As you easily deduce that the compiler should be able to pick 'the most specific', failing which it will throw a compile-time error. Let's understand it with the below code-segment which doesn't compile because the compiler can't pick 'the most specific' here.

public class NullTest {

   public static void method(Object obj){
     System.out.println("method with param type - Object");
   }
 
   public static void method(String str){
     System.out.println("method with param type - String");
   }
 
   public static void method(StringBuffer strBuf){
     System.out.println("method with param type - StringBuffer");
   }
 
   public static void main(String [] args){
     method(null); //... compile-time error!
   }
}

Why is the compiler not able to pick 'the most specific' here - because both String and StringBuffer are are sub-classes of the Object class, but without being in the same inheritance hierarchy. For finding 'the most specific' method, the compiler needs to find a method having the parameter type, which is a sub-class of the parameter types of all other overloaded methods.

This holds true for overloaded methods having more than one parameters as well. The compiler would pick 'the most specific' by looking which method is having at least one of its parameter types as a clear sub-class of the corresponding parameter type and other parameter types being either the same or clear sub-classes, in all other overloaded methods. If it can find one, good, otherwise it will throw a compile-time error. For example:

public class NullTest {

 public static void method(Object obj, Object obj1){
   System.out.println("method with param types - Object, Object");
 }

 public static void method(String str, Object obj){
   System.out.println("method with param types - String, Object");
 }

 public static void main(String [] args){
   method(null, null);
 }
}

Output

method with param types - String, Object

In this case the compiler can easily pick 'the most specific' as the method having parameter types (String, Object) as the other overloaded method is having its parameter types as (Object, Object) - clearly 'String' is a subclass of 'Object' and the other parameter is of same type, so the method with parameter types (String, Object) can be picked with ease. But, the below code would throw a compile-time error as none of the methods satisfy the condition for being picked as 'the most specific' method.

public class NullTest {

 public static void method(Object obj, String obj1){
   System.out.println("method with param types - Object, String");
 }

 public static void method(String str, Object str1){
   System.out.println("method with param types - String, Object");
 }

 public static void main(String [] args){
   method(null, null); //... compile-time error!
 }
}

HashMap working concept in Java | how hashMap internally working

How HashMap works in Java or sometime how get method work in HashMap is common interview questions now days. Almost everybody who worked in Java knows what hashMap is, where to use hashMap or difference between hashtable and HashMap then why this interview question becomes so special? Because of the breadth and depth this question offers. It has become very popular java interview question in almost any senior or mid-senior level java interviews.

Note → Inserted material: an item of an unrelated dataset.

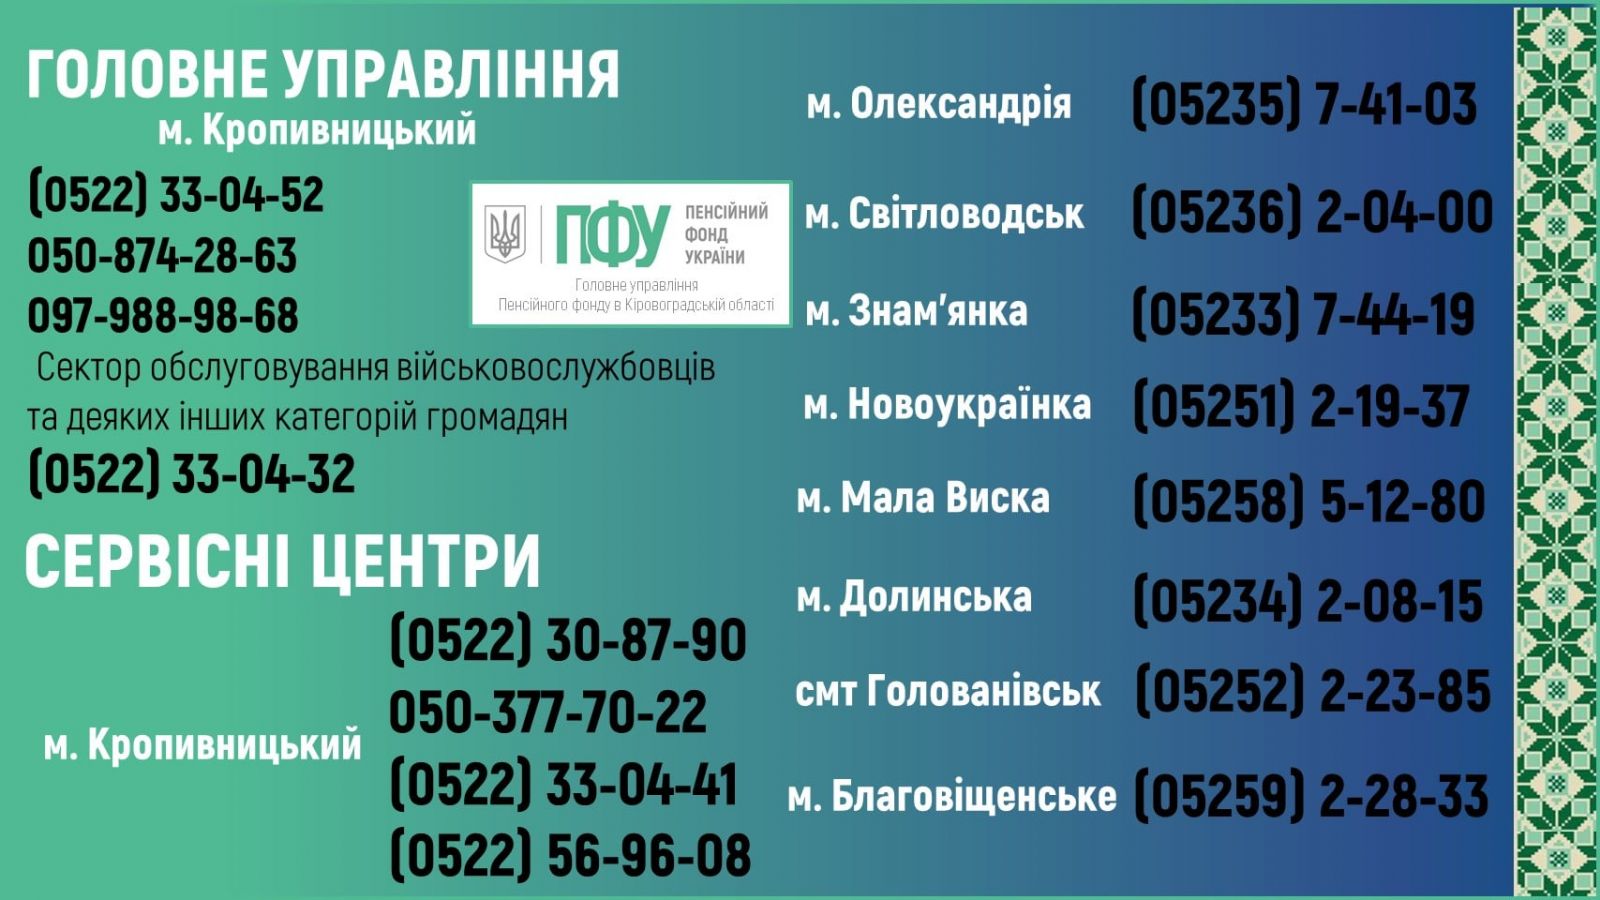 Пенсійний фонд України в Кіровоградській області - контакти

Questions start with simple statement

"Have you used HashMap before" or "What is HashMap? Why do we use it “
Almost everybody answers this with yes and then interviewee keep talking about common facts about hashMap like hashMap accpt null while hashtable doesn't, HashMap is not synchronized, hashMap is fast and so on along with basics like its stores key and value pairs etc.
This shows that person has used hashMap and quite familiar with the functionality HashMap offers but interview takes a sharp turn from here and next set of follow up questions gets more detailed about fundamentals involved in hashmap. Interview here you and come back with questions like

"Do you Know how hashMap works in Java” or
"How does get () method of HashMap works in Java"
And then you get answers like I don't bother its standard Java API, you better look code on java; I can find it out in Google at any time etc.
But some interviewee definitely answer this and will say "HashMap works on principle of hashing, we have put () and get () method for storing and retrieving data from hashMap. When we pass an object to put () method to store it on hashMap, hashMap implementation calls
hashcode() method hashMap key object and by applying that hashcode on its own hashing funtion it identifies a bucket location for storing value object , important part here is HashMap stores both key+value in bucket which is essential to understand the retrieving logic. if people fails to recognize this and say it only stores Value in the bucket they will fail to explain the retrieving logic of any object stored in HashMap . This answer is very much acceptable and does make sense that interviewee has fair bit of knowledge how hashing works and how HashMap works in Java.
But this is just start of story and going forward when depth increases a little bit and when you put interviewee on scenarios every java developers faced day by day basis. So next question would be more likely about collision detection and collision resolution in Java HashMap e.g

"What will happen if two different objects have same hashcode?”
Now from here confusion starts some time interviewer will say that since Hashcode is equal objects are equal and HashMap will throw exception or not store it again etc. then you might want to remind them about equals and hashCode() contract that two unequal object in Java very much can have equal hashcode. Some will give up at this point and some will move ahead and say "Since hashcode () is same, bucket location would be same and collision occurs in hashMap, Since HashMap use a linked list to store in bucket, value object will be stored in next node of linked list." great this answer make sense to me though there could be some other collision resolution methods available this is simplest and HashMap does follow this.
But story does not end here and final questions interviewer ask like

"How will you retreive if two different objects have same hashcode?”

 Hmmmmmmmmmmmmm
Interviewee will say we will call get() method and then HashMap uses keys hashcode to find out bucket location and retrieves object but then you need to remind him that there are two objects are stored in same bucket , so they will say about traversal in linked list until we find the value object , then you ask how do you identify value object because you don't value object to compare ,So until they know that HashMap stores both Key and Value in linked list node they won't be able to resolve this issue and will try and fail.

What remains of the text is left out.